What is extremely worrying is the absolute skewed influence of a few numbers of people with large amounts of power, on potential policy and the convenient and arbitrary use of this huge entity called the state. The State exists for all and to deliver to all, particularly the marginalised and poor. If one person can mobilise resources – television studios, influence public opinion, and make the state change an entire policy, while so many remain without essentials, then this is something that needs to be combated.
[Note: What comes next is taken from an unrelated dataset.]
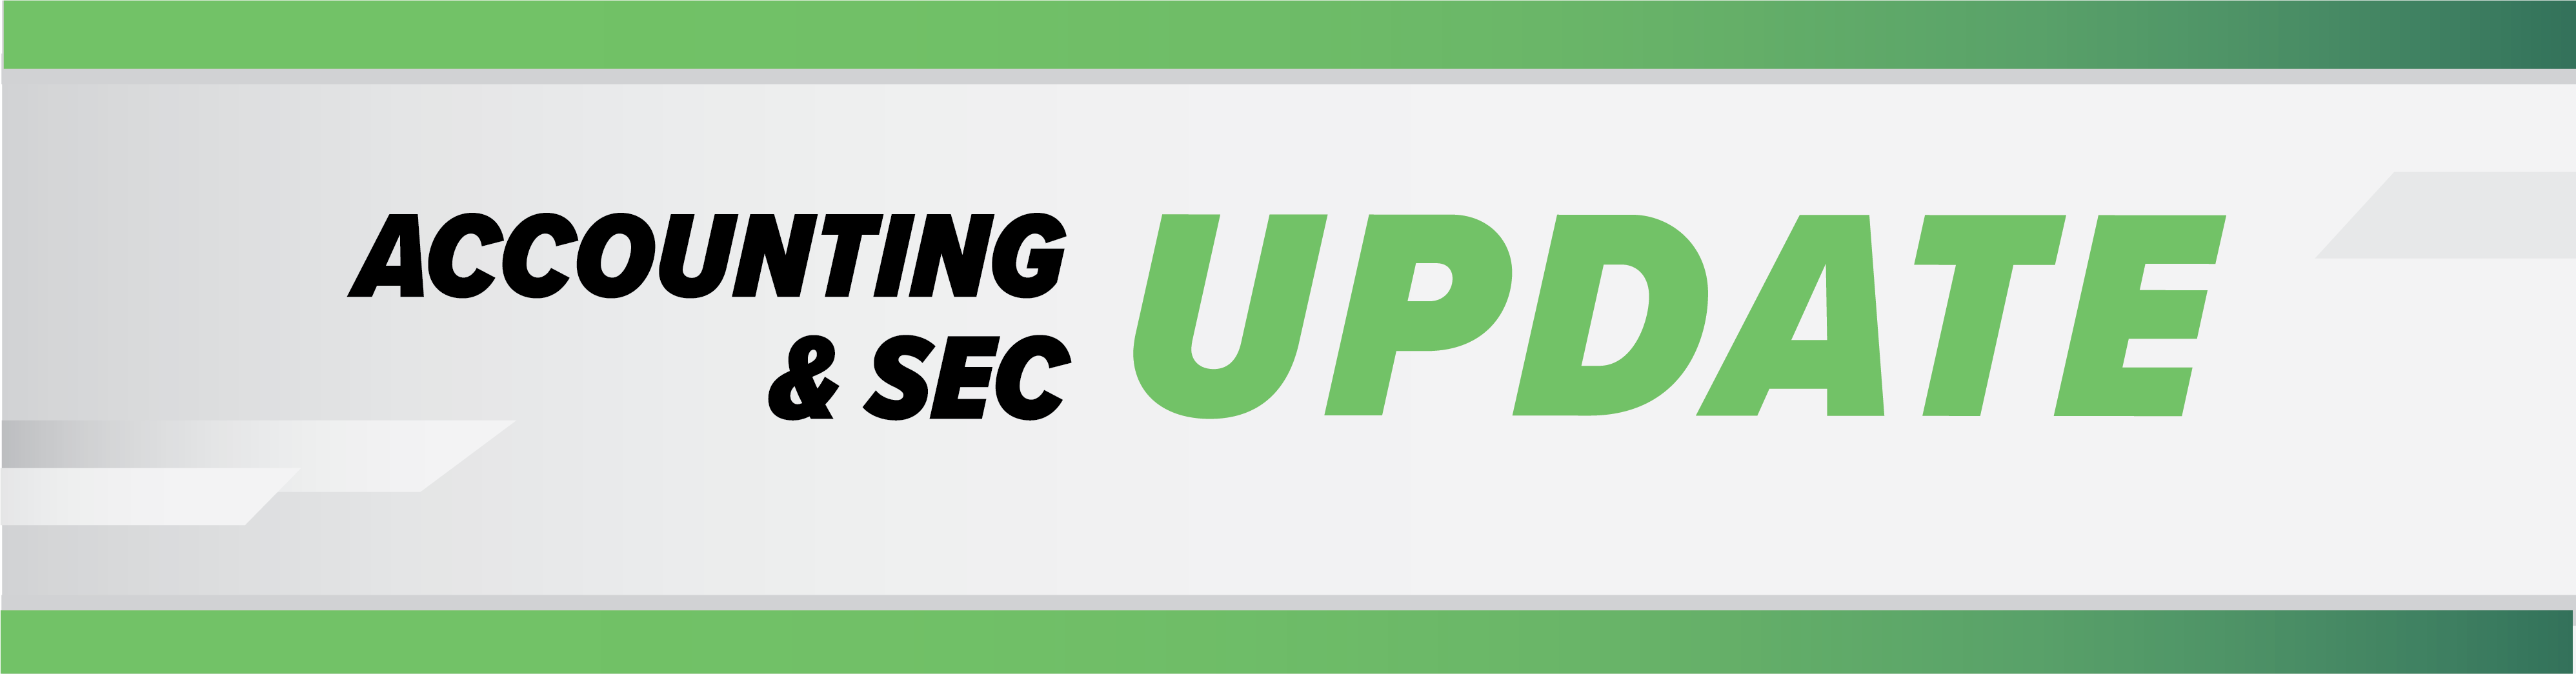 Accounting and SEC Update Banner

Within the State, while there is always need for specialised expertise in drafting laws, accounting and analysing performance, at the same time, governance is really, ridiculously simple. It’s about your everyday life, everything that impacts it, and it is not difficult to imagine, what possibly might or might not endanger it. If bad roads and traffic affect one set of people, having your land acquisitioned affects another, not being paid minimum wages is a reality as is not receiving any pension or social security, or living without civil liberties and under curfew. Reality is not different for these sets of people – we live under the same government, with the same budget allocations and under the same constitution. We share the same reality, and we are all interlinked, responsible and culpable. So while one set of this reality needs modern well functioning airports, and would be sympathetic to bailout out an airline, there is an equal set of this reality that cannot understand the logic of shuffling a few thousand crores between public sector banks and a serving Rajya Sabha Member of Parliament for his private business. While addressing one set of issues, we can never, and must never lose sight of the broader narrative, and always insist of equality, justice and transparency in our processes and governments.